The girl told of her own case. The first symptom was listlessness. She could pull out of it by making an effort, but it progressed. Day by day more urgent, more violent effort was needed to pay attention to anything, and she noted greater weakness when she tried to act. She felt no discomfort, not even hunger or thirst. She'd had to summon increasing resolution even to become aware of the need to do anything at all.

The symptoms were singularly like those of a man too long at too high an altitude without oxygen. They were even more like those of a man in a non-pressurized flier, whose oxygen supply was cut off. Such a man would pass out without realizing that he was slipping into unconsciousness, only it would happen in minutes. Here the process was infinitely gradual. It was a matter of weeks. But it was the same thing.

"I'd been infected before we ran away," said Helen drearily. "I didn't know it then. Now I know I've a few more days of being able to think and act, if I try hard enough. But it'll be less and less each day. Then I'll stop being able to try."

Calhoun watched the tiny recorder roll its multiple-channel tape from one spool to the other as she talked.

"You had energy enough to try to kill me," he observed.

He looked at the weapon. There was an arched steel spring placed crosswise at the end of a barrel like a sporting blast-gun. Now he saw a handle and a ratchet by which the spring was brought to tension, storing up power to throw the missile. He asked, "Who wound up this crossbow?"

Helen hesitated. "Kim—Kim Walpole," she said finally.

"You're not a solitary refugee now? There are others of your group still alive?"

She hesitated again, and then said, "Some of us came to realize that staying apart didn't matter. We couldn't hope to live anyhow. We already had the plague. Kim is one of us. He's the strongest. He wound up the crossbow for me. He had the weapons to begin with."

Calhoun asked seemingly casual questions. She told him of a group of fugitives remaining together because all were already doomed. There had been eleven of them. Two were dead now. Three others were in the last lethargy. It was impossible to feed them. They were dying.
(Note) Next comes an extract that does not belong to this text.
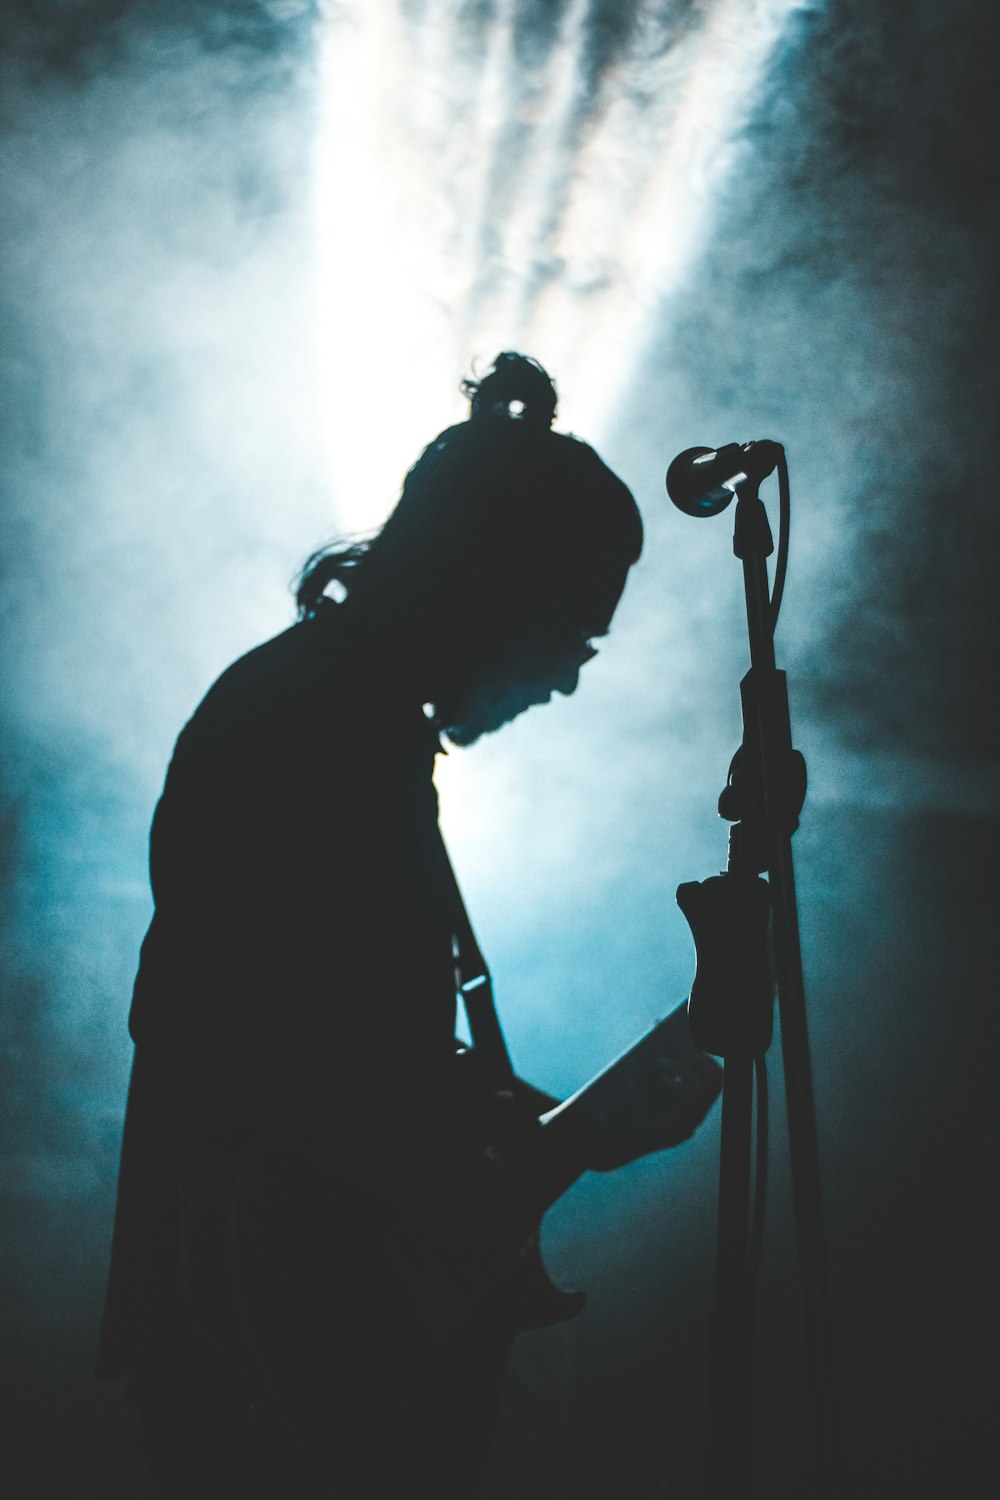 silhouette photography of person playing guitar

The strongest was Kim Walpole, who'd ventured back into the city to bring out weapons for the rest. He'd led them, and now was still the strongest and—so the girl considered—the wisest of them all.

They were waiting to die. But the newcomers to the planet—the invaders, they believed—were not content to let them wait. Groups of hunters came out of the city and searched for them.
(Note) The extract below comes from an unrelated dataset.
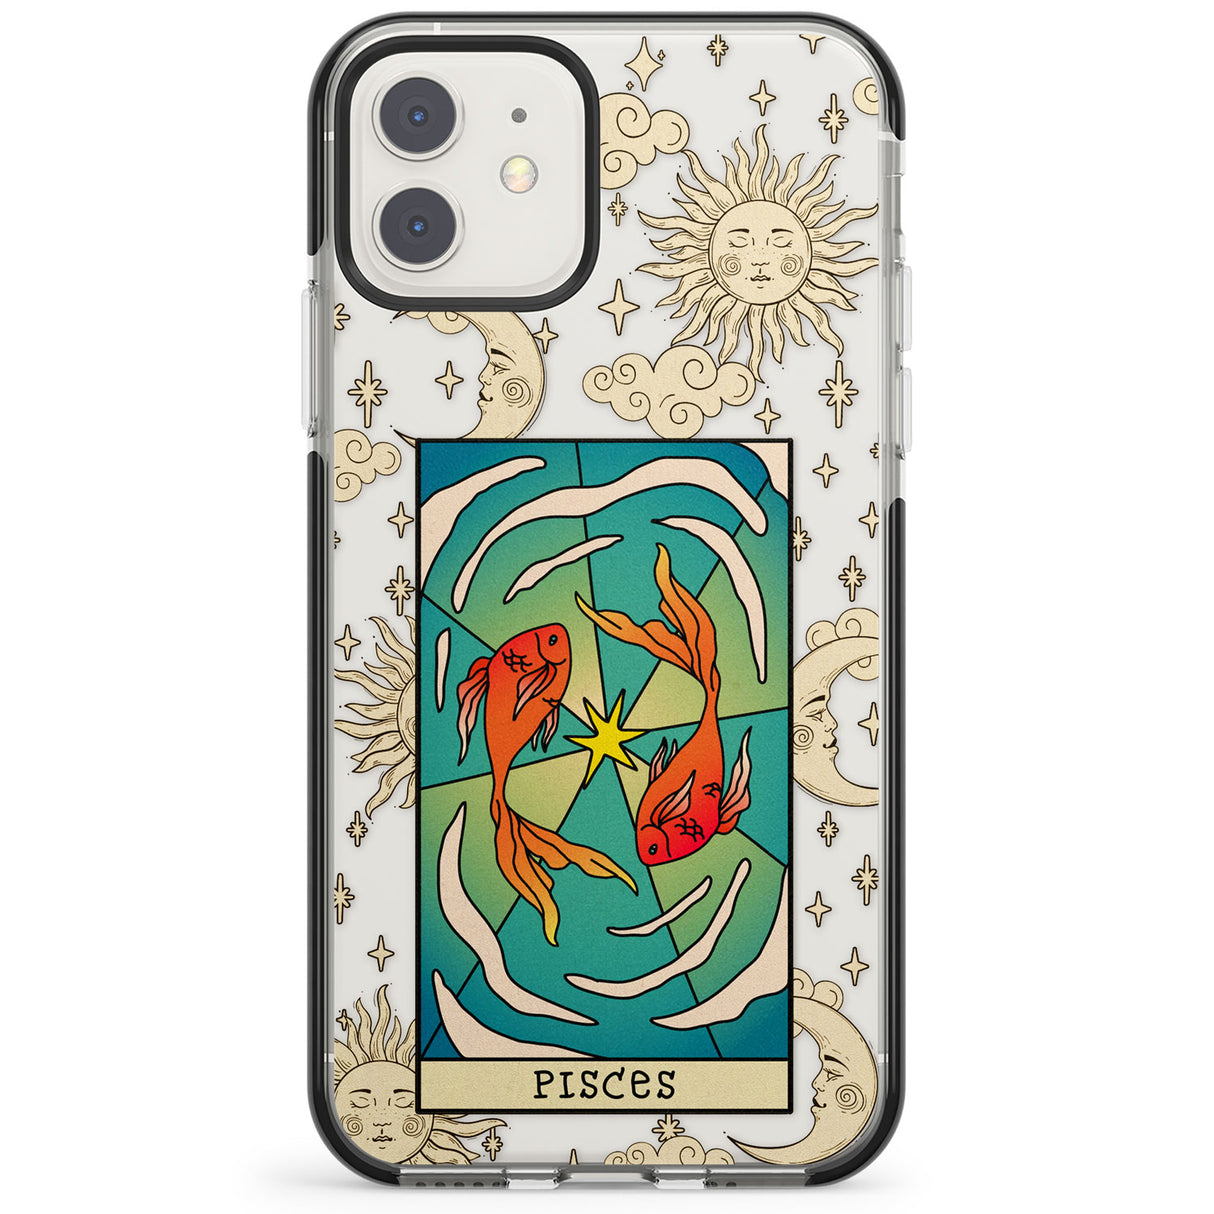 Celestial Zodiac - Pisces Impact Phone Case for iPhone 11, iphone 12

"Probably," said the girl dispassionately, "to burn our bodies against contagion. They kill us so they won't have to wait. And it just seemed so horrible that we felt we ought to defend our right to die naturally. That's why I shot at you. I shouldn't have, but . . ."

She stopped helplessly. Calhoun nodded.

The fugitives now aided each other simply to avoid murder. They gathered together exhaustedly at nightfall, and those who were strongest did what they could for the others. By day, those who could walk scattered to separate hiding places, so that if one was discovered, the others might still escape the indignity of being butchered. They had no stronger motive than that. They were merely trying to die with dignity, instead of being killed as sick beasts. Which bespoke a tradition and an attitude that Calhoun approved. People like these would know something of the science of probability in human conduct. Only they would call it ethics. But the strangers—the invaders—were of another type. They probably came from another world.